= Thomas Podmore =

American architect

Thomas Podmore (1859–1948) was a British-born American architect. In addition to his lengthy architectural career as an architect, Podmore is noteworthy for his experiments with the fabrication of concrete products.

==Early life==

Thomas Podmore was born at Cherrington, Shropshire, England in 1859, the son of a farmer, and was baptized at the nearby village of Tibberton on March 23, 1859. In 1881, he was living on St. Ann Street in Stoke-upon-Trent, Staffordshire, employed as an "architect's assistant."

==Career in America==

Podmore emigrated to the United States about 1883, worked for a few years in New York, then moved to Wilkes-Barre, Pennsylvania.
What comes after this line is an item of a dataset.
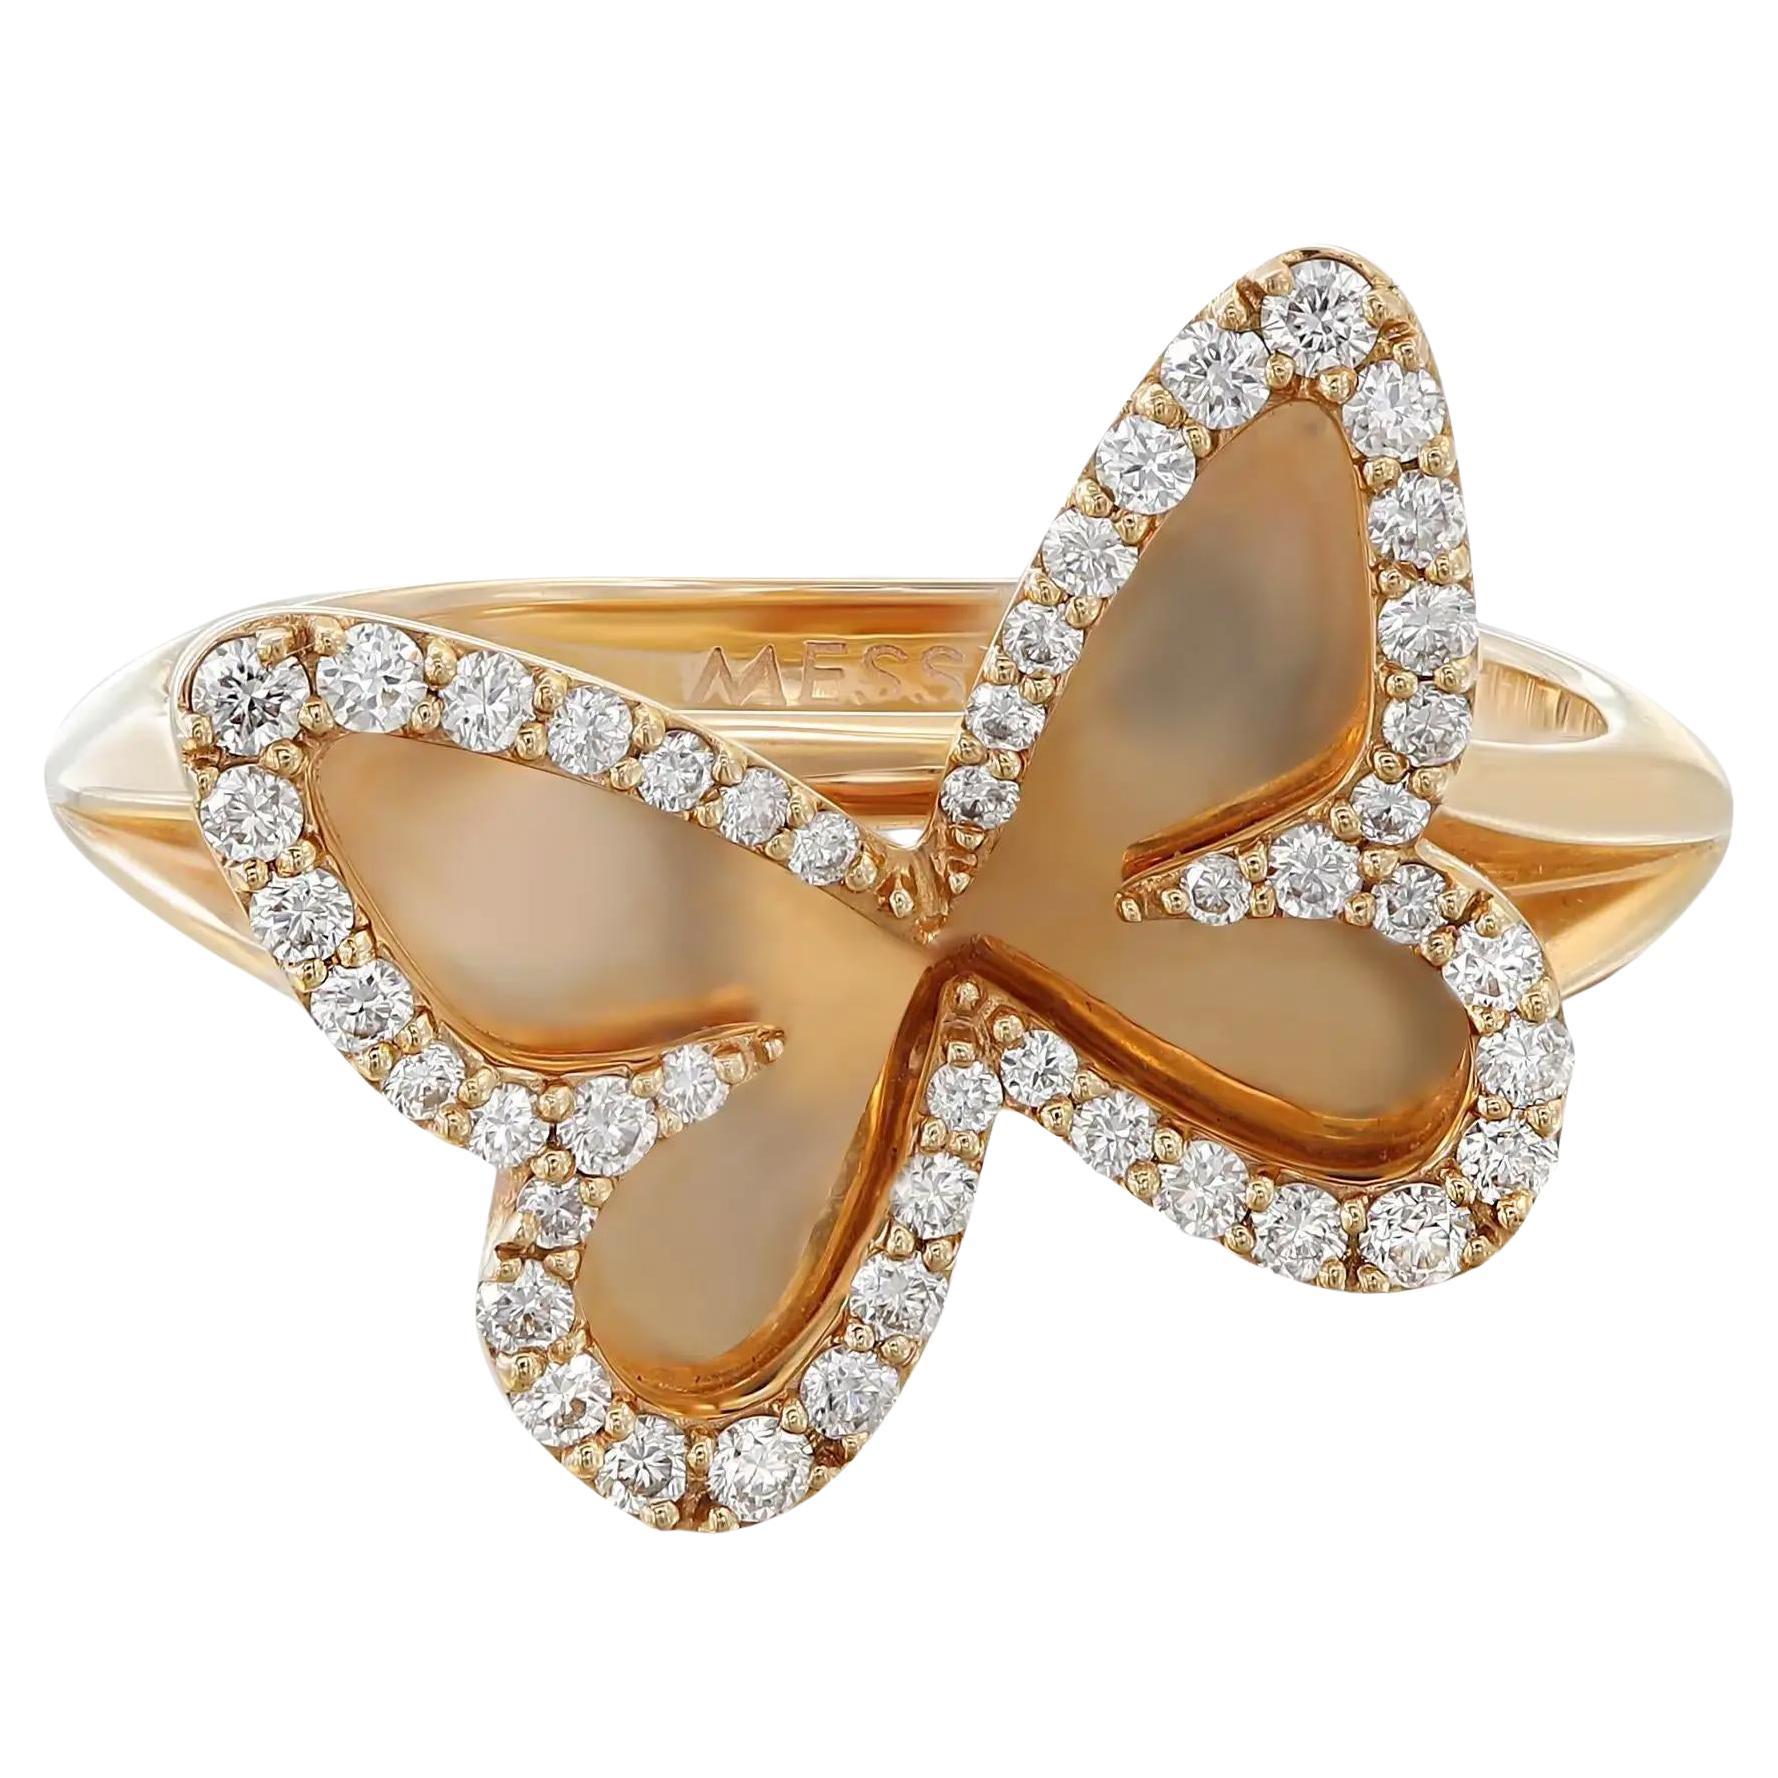 Messika 0.27Cttw Plaque Butterfly Diamond Ring 18K Rose Gold Size 54 US 6.75
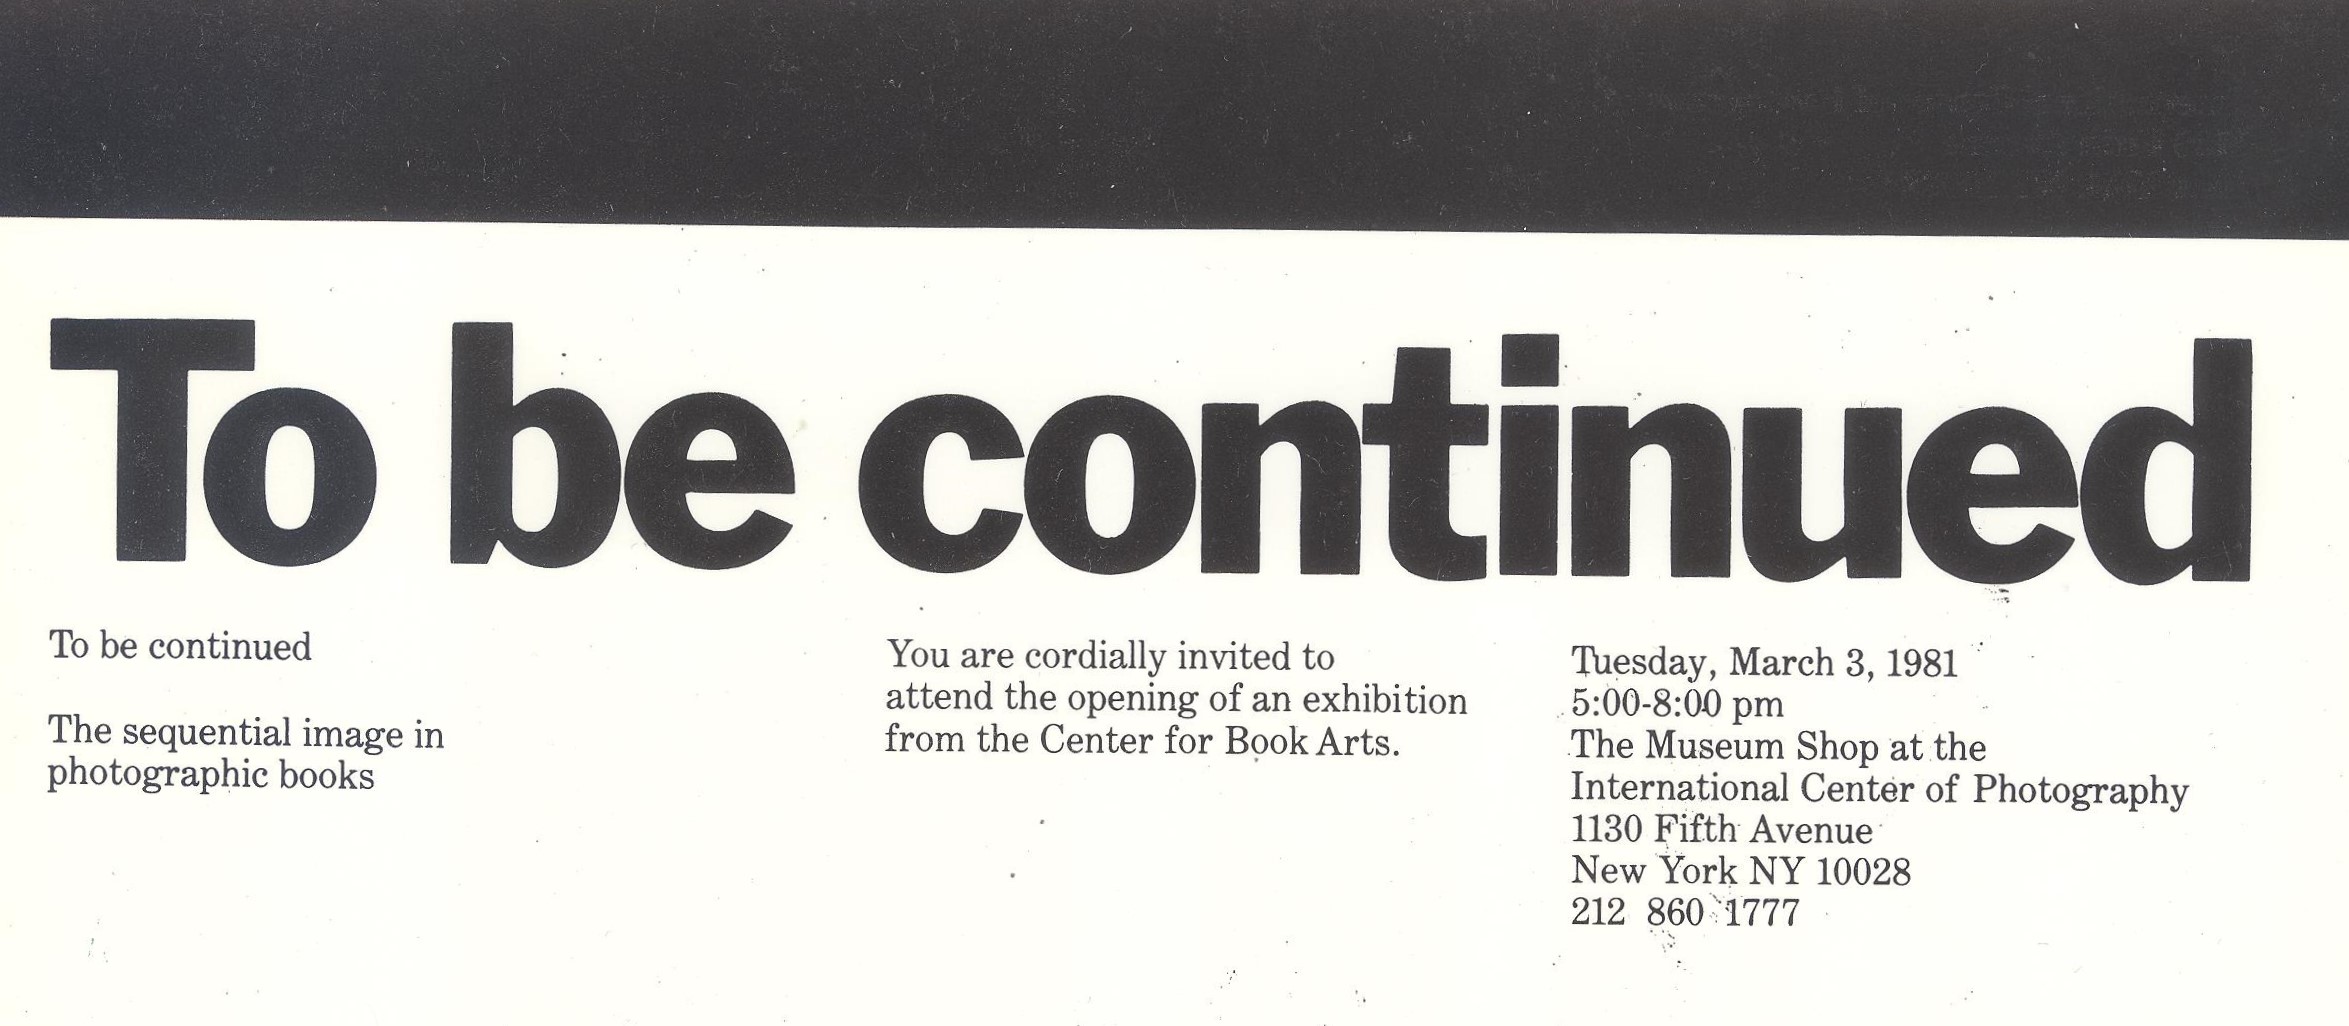 Horizontal white piece with black strip at the top. Under that is "To be continued" in large, bold, black text. Under that is 3 columns of smaller black text

There, in 1886, he joined forces with Albert Hamilton Kipp to form the architecture firm Kipp & Podmore. The firm dissolved by mutual consent at the end of 1891.

In 1903, Podmore received a patent for a "machine for molding concrete blocks," and in 1907 founded the Podmore Concrete Co., for the manufacture of concrete blocks by a method of Podmore's own devising.

Podmore retired in 1928 after the completion of his last building, Sprague Memorial Hall, in Kingston, Pennsylvania. He died in 1948.

==Principal architectural works==
- Nelson Memorial Hall, Wyoming Seminary, Kingston, Pennsylvania, built in 1887 — as Kipp & Podmore.
- Methodist Episcopal Church, Dallas, Pennsylvania, completed in 1889 — as Kipp & Podmore.
- Armory, Gaylord Avenue, Plymouth, Pennsylvania, built in 1891 — as Kipp & Podmore.
- State Street School, Nanticoke, Pennsylvania, built in 1891 — as Kipp & Podmore.
- St. Peter's Episcopal Church, Plymouth, Pennsylvania, built in 1893.
- Wyoming Valley Country Club, Wilkes-Barre, Pennsylvania, built 1896.
- W. G. Eno Residence, Ross Street, Wilkes-Barre, Pennsylvania, built 1899.
- J. B. Woodward Residence, Northampton Street, Wilkes-Barre, Pennsylvania, built 1899.
- Town Hall, Edwardsville, Pennsylvania, built 1899.
- Wyoming Valley Country Club Enlargement, Wilkes-Barre, Pennsylvania, built 1903.
- Grace English Lutheran Church, 500 S. Franklin St, Wilkes-Barre, Pennsylvania, dedicated May 1911.
- R. R. M. Carpenter Residence, Wilmington Delaware, built in 1911.
- Wilkes-Barre Contagious Hospital, East Division Street, Wilkes-Barre, Pennsylvania, completed 1918.
- Walter S. Carpenter Jr. Residence, Wilmington, Delaware, completed in 1918.
- Nesbitt Memorial Athletic Field, Wyoming Seminary, Kingston, Pennsylvania, dedicated October 1922.
- Sprague Hall, Wyoming Seminary, Kingston, Pennsylvania, completed in 1928.

==Gallery==

Nelson Memorial Hall, Wyoming Seminary, Kingston, Pennsylvania, completed 1887.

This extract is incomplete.